Para a Alemanha, Tsipras derrubou todas as pontes com a Europa
Vice-chanceler Sigmar Gabriel considera difícil pensar em retomada das negociações
Ao longo da semana, vários líderes alemães disseram que um não grego equivaleria a um não à Europa. Neste domingo, depois de saber o resultado do referendo, Berlim se manteve firme. “Após rejeitar as regras do jogo da eurozona, é difícil de imaginar continuar negociando programas bilionários”, disse o número dois do Governo e líder dos sociais-democratas, Sigmar Gabriel, em entrevista ao jornal Der Tagesspiegel. “Tsipras derrubou as últimas pontes com a Europa”, acrescentou o vice-chanceler (vice-primeiro-ministro).

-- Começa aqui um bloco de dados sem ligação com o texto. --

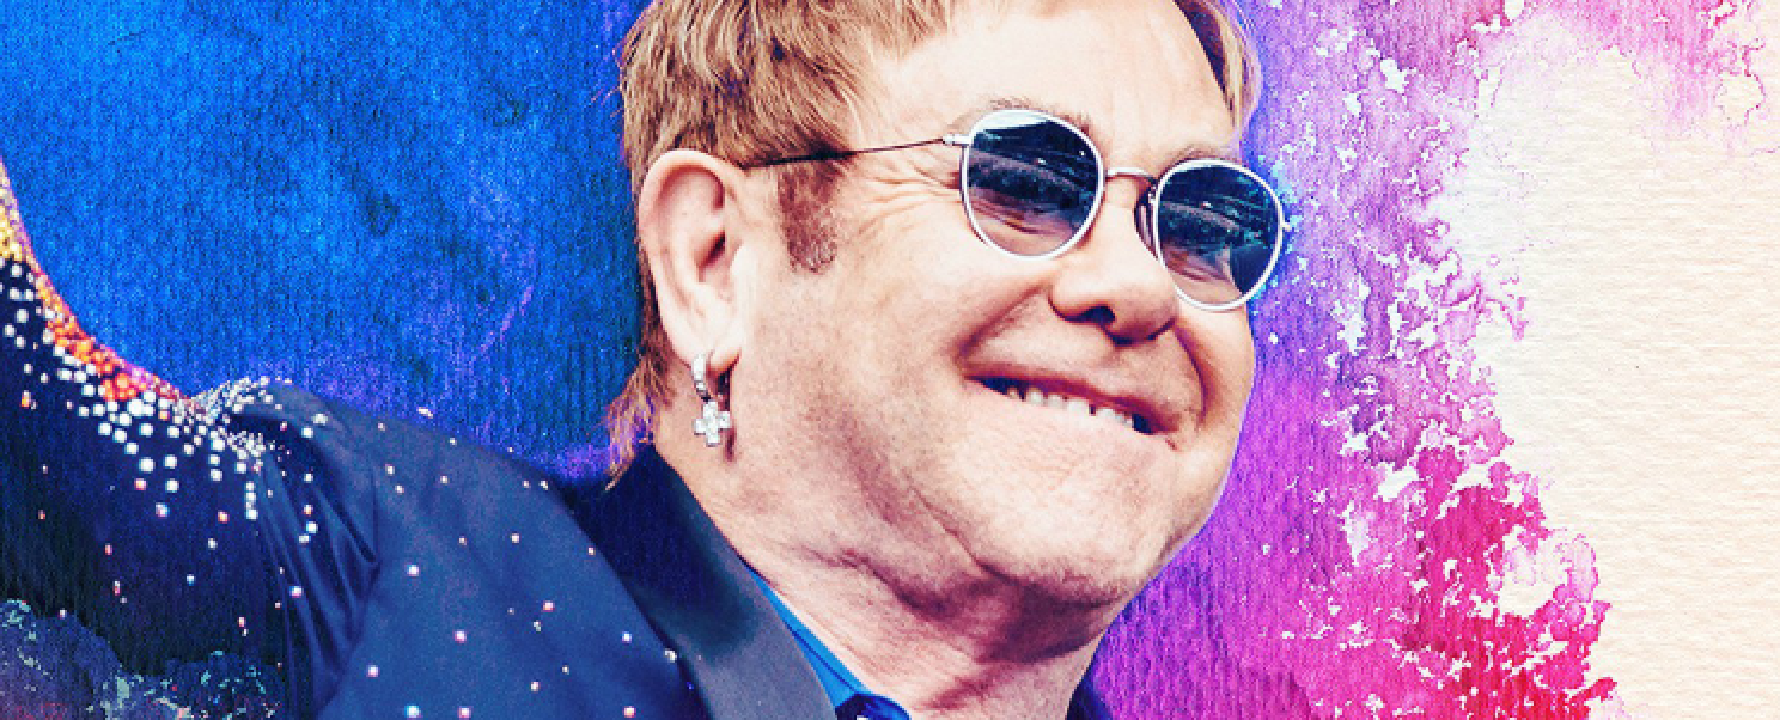 Promofoto von Elton John.

Depois da vitória do não, a chanceler Angela Merkel enfrentará a partir de segunda-feira o que talvez seja o momento mais delicado de seus dez anos de mandato. Merkel, que na segunda viajará a Paris para discutir a situação com o presidente François Hollande, repetiu inúmeras vezes que o princípio da “solidariedade em troca de reformas” é irrevogável. E, caso ela se esquecesse disso em algum momento, em seu partido a lembrariam imediatamente.
Já antes da inesperada convocação do referendo, teria sido complicado para Merkel convencer muitos de seus colegas democrata-cristãos a aceitarem um novo plano de auxílio. Mas depois do não grego, numa consulta que a Alemanha recebeu quase como uma afronta pessoal, a chance de chegar a um acordo se complicou ainda mais. E o não dá força aos que, como o ministro Wolfgang Schäuble, consideram impossível a situação e acham que o melhor é deixar a Grécia cair e avançar na integração dos 18 países que ficarem no euro. Em Berlim se acredita, além disso, que se transigirem agora com o Syriza, isso alimentará forças semelhantes, como o Podemos na Espanha.
Mas a decisão não será fácil. Merkel terá que ouvir Governos como o francês, mais disposto a chegar a um acordo. E voltará a receber ligações de Washington, nas quais será lembrada da necessidade de assegurar a estabilidade na zona do euro. E também as perdas associadas a uma saída do euro seriam multibiliionárias, como acaba de alertar o Bundesbank. Jens Weidmann, presidente do banco central alemão, informou na semana passada ao Governo que se a Grécia deixar a união monetária o Bundesbank não poderá transferir aos cofres públicos nos próximos anos parte de seus lucros, o que provocaria um rombo no orçamento federal. Fontes do Bundesbank estimam essas perdas potenciais em até 45 bilhões de euros (perto de 170 bilhões de reais).
Os democratas-cristãos contam com o apoio do Partido Social-Democrata. Estão longe os tempos em que o SPD criticava a chanceler por sua política europeia e exigia um Plano Marshall para a Grécia. Desde que governa com os democratas-cristãos em Berlim —e muito particularmente desde a vitória do Syriza en Atenas—, o vice-chanceler Gabriel compete em rigidez com Merkel.
O líder do SPD advertiu Alexis Tsipras que a Europa não se deixaria ameaçar por um “Governo comunista”, e na semana passada —num evento com Merkel— disse que a vitória do não representaria “uma clara decisão contra a permanência na eurozona”. Apesar da defesa das teses gregas feita pelo partido Die Linke, das centenas de pessoas que na sexta-feira se reuniram no bairro berlinense de Kreuzberg para apoiar o Governo de Tsipras, e das que no sábado irromperam num ato de Merkel, a opinião pública alemã fica majoritariamente ao lado de seu Governo.